Reactive Computations (2006-2007)
A workshop by CITA and The Danish Design School
Inter-institutional workshop with students from the School of Architecture and The Danish Design School, Textile Department. The course introduced the idea of state-changing materials in architecture. With a point of departure in active alloys (Smart Memory Alloys) students were taught in programmed materials and integrated electronic circuits into architectural models.
The workshop invited a cross disciplinary group of students from Department 2 and Textiles at Danmarks Design School to explore the embedding of reactive ‘smart’ materials into the bespoke membranes developed in the Knitted Skins work-shop.

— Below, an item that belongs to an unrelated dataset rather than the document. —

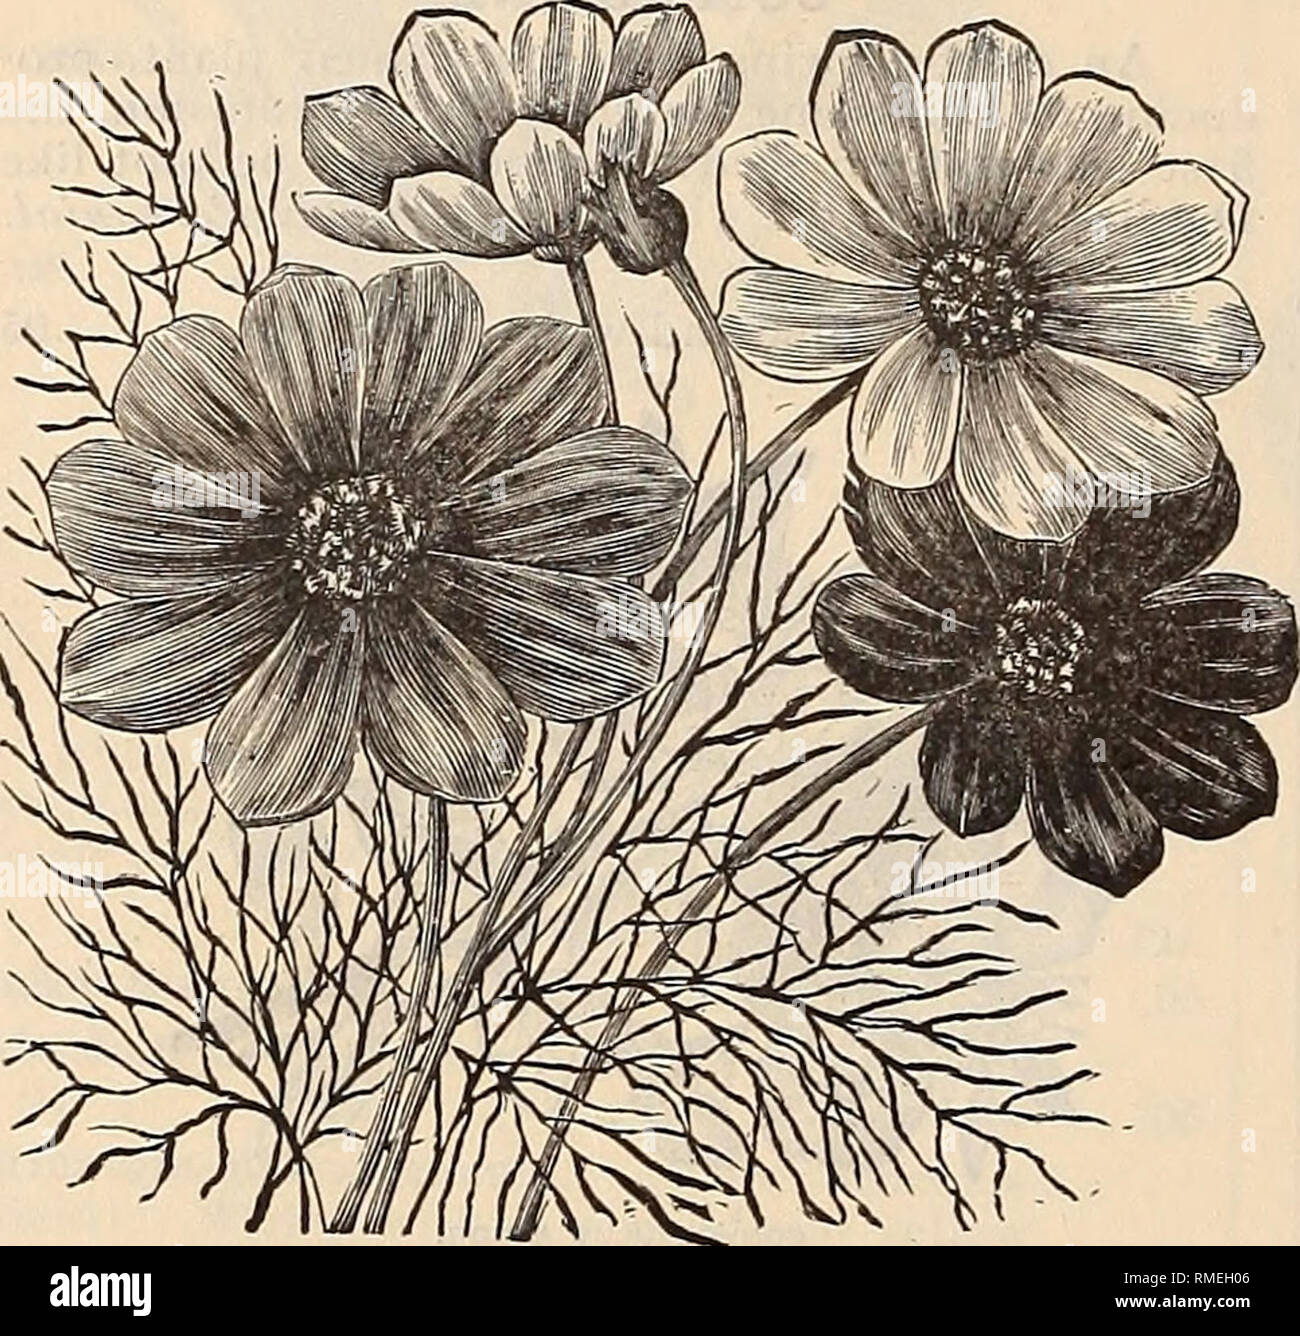 . Annual catalogue of seeds and plants. Nurseries (Horticulture), Minnesota, Catalogs; Vegetables, Seeds, Catalogs; Flowers, Catalogs. 5° SCHLEGEL !^ FOTTLER'S SEED CATALOGUE. COREOPSIS, or CALLIOPSIS. Showy hardj' plants, with rich brightly-colored flowers through the entire season; very useful for cutting. Hardy Annual. pkt. Finest Mixed Oz., .40 .05 Atrosanguinea. B 1 o o d r e d, m a rb 1 e d. 2 ft Oz., .50 .05 Bicolor Marmorata. Golden-yellow, w ith pur- plish-brown centre. 2 ft.' . Oz., .40 .05 Coronata. Large, fine yellows 2 ft. &quot; .40 .05 Drummondi. Large vellow, red spot. 2 ft ' . Stock Photo

The workshop explored the embedding of reactive ‘smart’ materials into the bespoke membranes developed in the Knitted Skins workshop. We explored the use of memory alloys in textiles structures. Memory alloys and are materials that can change shape as electrical current is passed through them. The material has an inherent resistance and as electricity is passed through it heats up. In this heated state it can be stretched or pulled to a different form and cooled to a stable state. When the material is heated up again it ‘remembers’ (releases stored up energy) its first state and returns to it.

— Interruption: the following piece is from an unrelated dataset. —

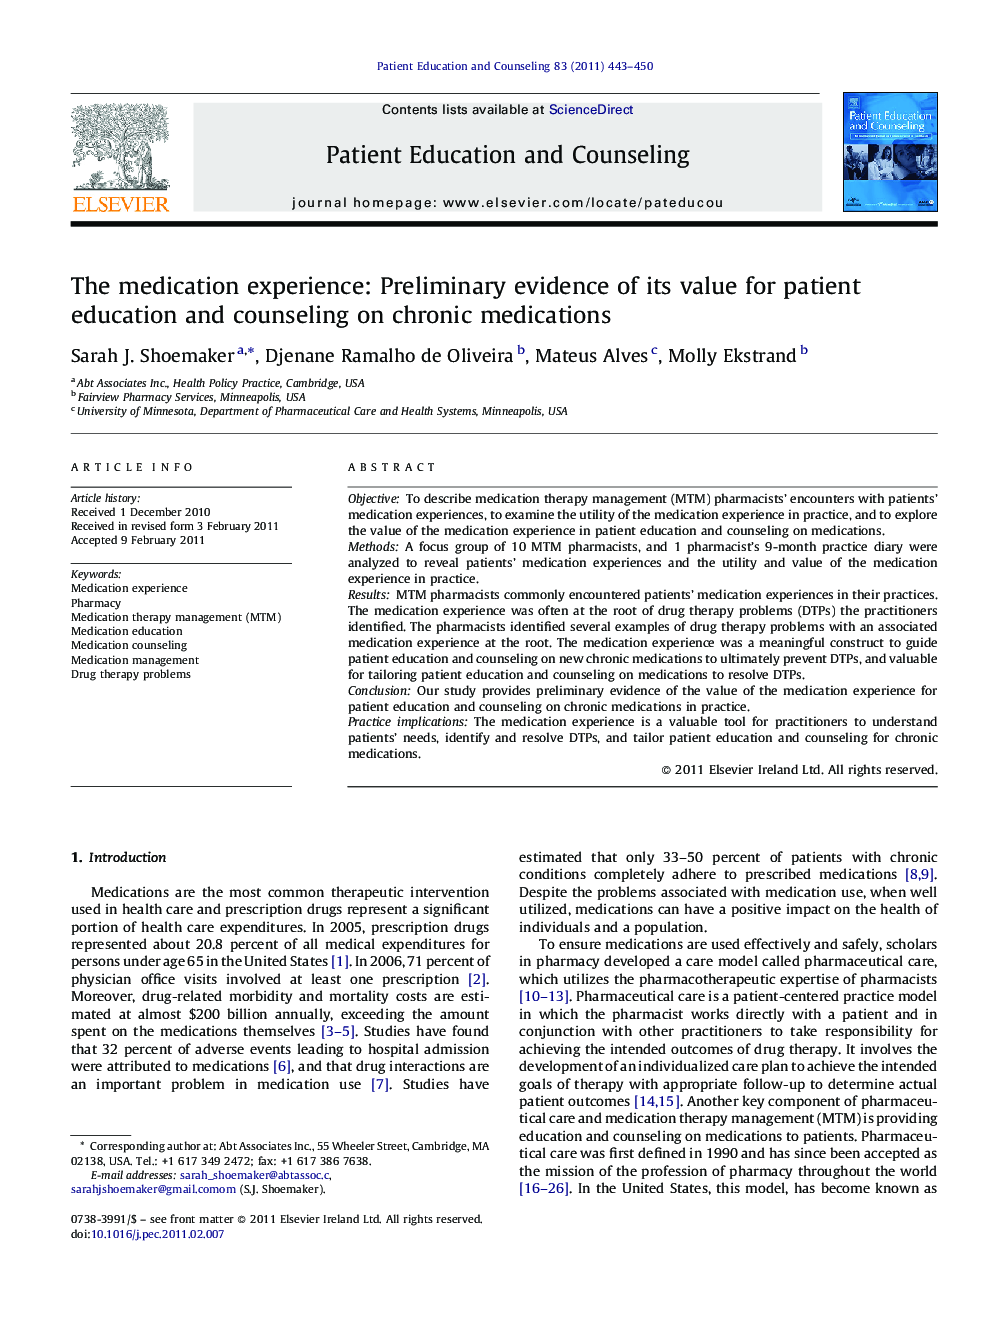 The medication experience: Preliminary evidence of its value for patient education and counseling on chronic medications

The workshop questions how an architectural membrane can hold its own potential for behaviour or movement. How do we design its movement scores, its choreography? How do we imagine its reactive natures? What happens when what we wear and what we live in becomes interfaced to its context?
Part of Workshop Series Robotic Membranes with students from Department 2, Royal School of Architecture
and the Textiles Department, Danmarks Design School.